My misadventures began yesterday afternoon when I took a quick trip to the nearest Woollies to grab some dinner, and this led to  fight with my GPS, a she can never tell me where to park. When I had figured it out for myself, I discovered that you have to park on THE ROOF. Not only do you park on the roof, but you have to PAY to do so. $1 for the privilege of doing my grocery shopping and parking on the roof (which I guess is pretty exciting, but the boom gates tend to instil in me a sense of fear rather than joy.            
 I returned to this shopping centre/amusement park again today, and as I had already conquered it once, I thought I knew what to expect. Which I did, until I realised I needed a trolley. Trolleys are not a scary thing back home, because they're exactly that... trolleys. Apparently in Sydney though, they're coin trolleys. I have a question Woolworths; how am I supposed to make off with your trolley when I am parked ON THE ROOF?!! And what if I didn't have a coin?

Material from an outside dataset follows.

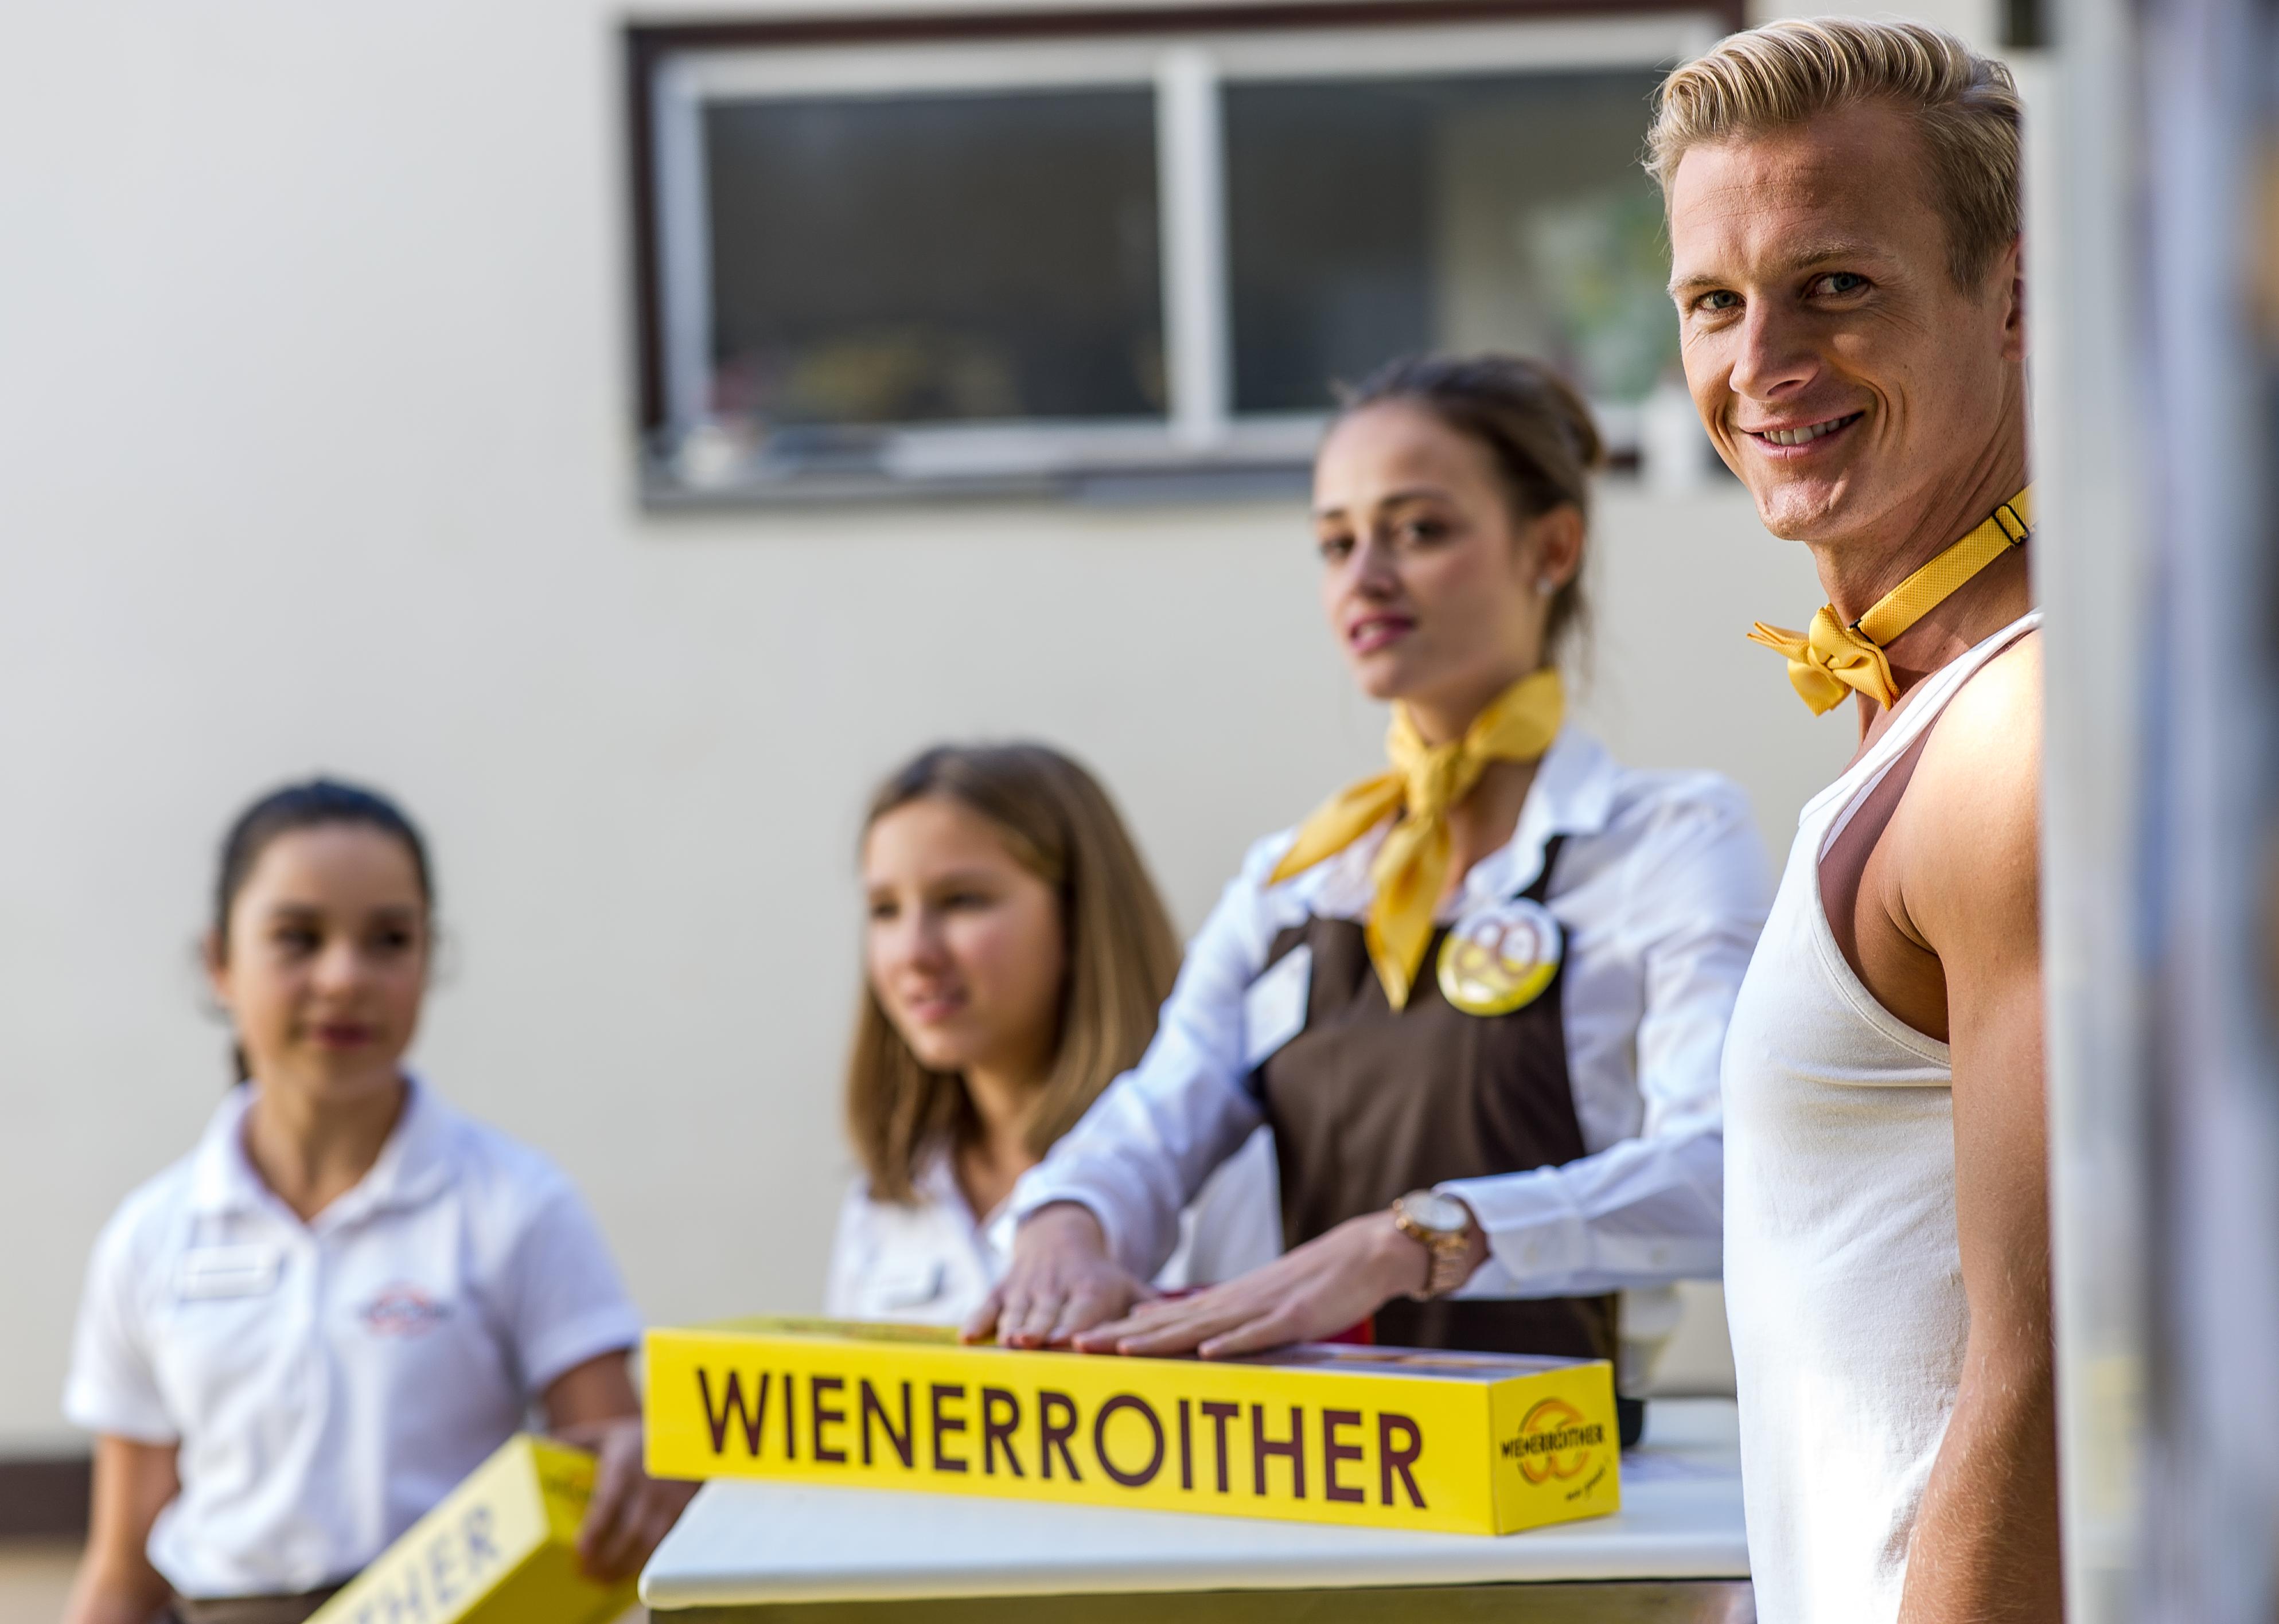 Wienerroither 80 - #4
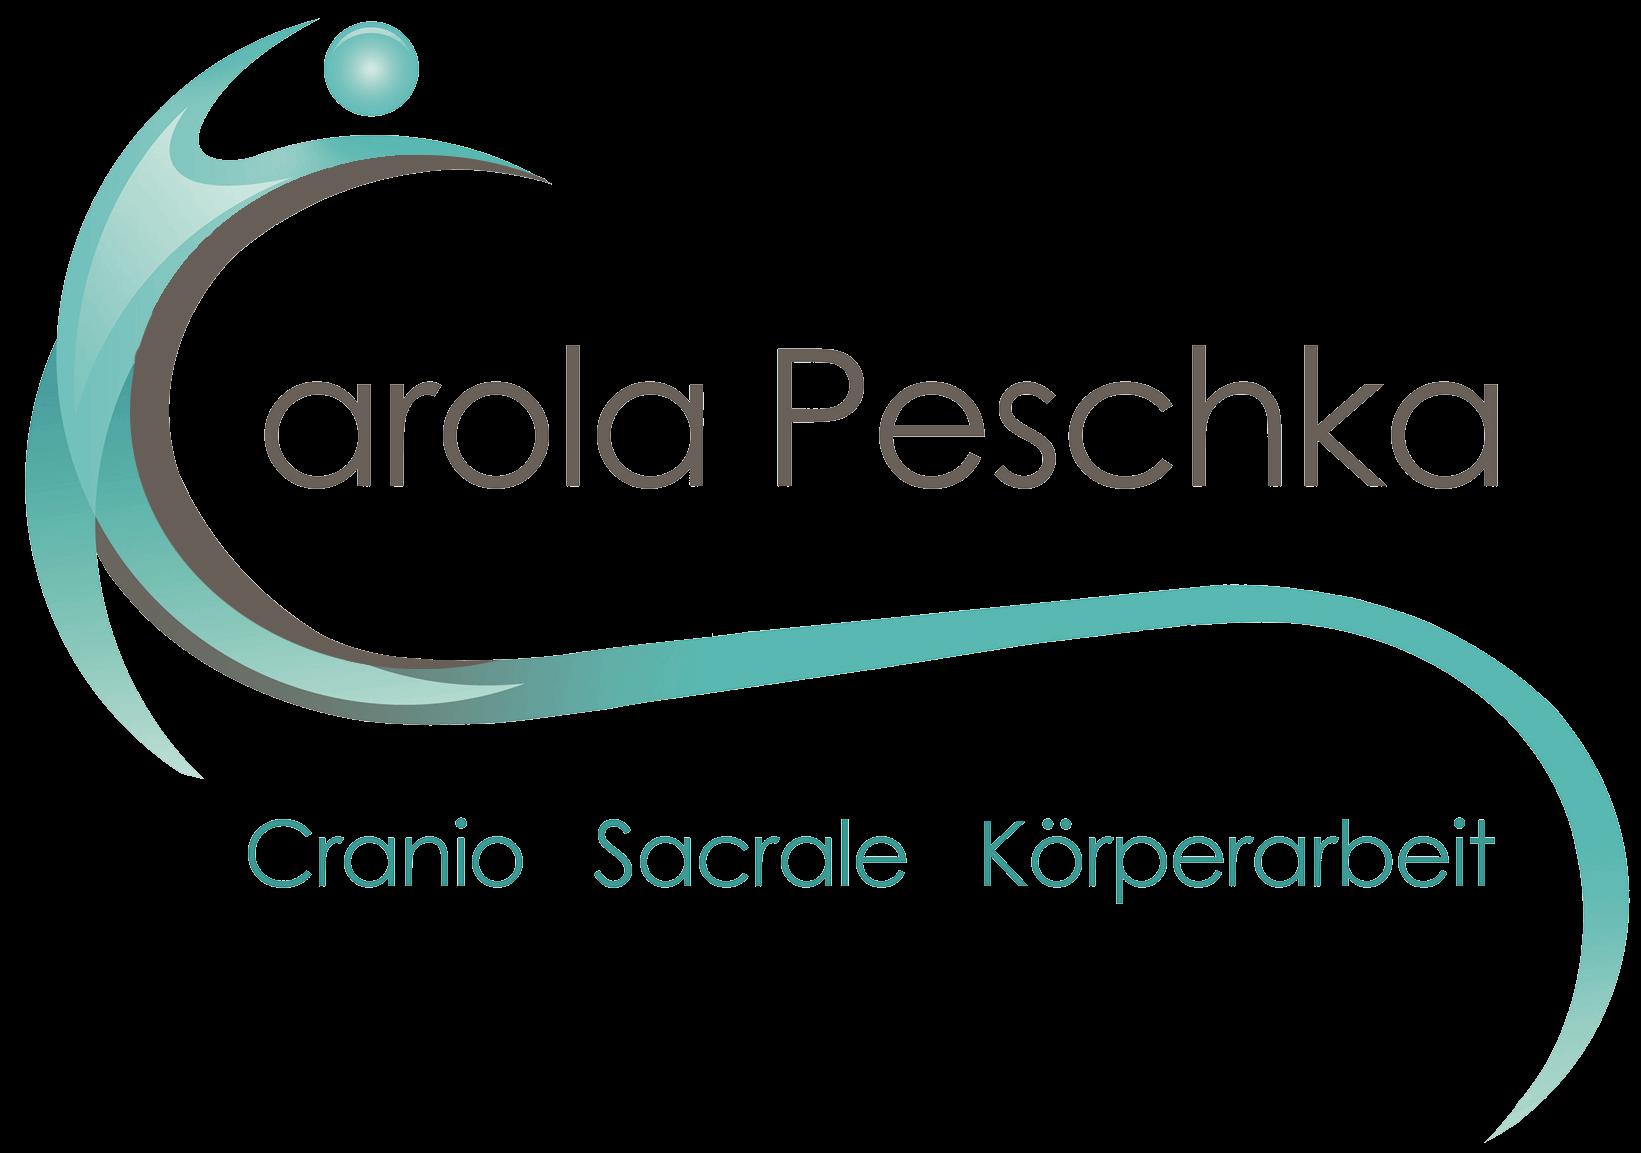 Carola Peschka - Cranio Sacrale Körperarbeit | Carola Peschka - Cranio Sacrale Körperarbeit in Prambachkirchen, Bezirk Eferding in Oberösterreich, Cranio Sacral für Babys, CranioSacral in der Schwangerschaft,Rota Prophylaxe,zur Anregung der Selbstheilung

Then I'd be the crazy girl using the self serve checkouts to withdraw one. dollar. Trust me, I did that enough in Uni, those days are behind me. 
Oddly, this was not the only thing different about my new city trolley, because right there on the handle was a cup holder. A cup. Holder. I know that 7/11 and Slurpees are a big thing in the city, but I never realised that they were so integral to Sydney-sider's identities that they required their icy, sweet support, hands free, while they did their groceries.
I survived. Without the cup holder no less, and moved on to my first Westfield, with a car park so large that I couldn't find the shopping centre once I got out of the car. I eventually made my way in and conquered the Thursday night crowds to buy myself a rubbish bin and a new pair of tights, and also identified a bakery and a candy shop. There was also a clothing store called "Hipster," which sold clothes that I I've only seen on every girl ever. I guess they were mainstream before it was cool to be mainstream.

One day in, and I think I need to take some camouflage classes, because I'm pretty sure there's a piece of invisible straw hanging out of my mouth, but everyone else can see it. On the bright side, if country chic makes an appearance this season, I'll be set.
                                                                                               Litte Duck, out :)

P.S, if  by any chance my Chicken owning, chilli hanging, emphysema suffering neighbour is reading this, please cough your lungs up elsewhere tonight, as I would like to sleep. Thank you.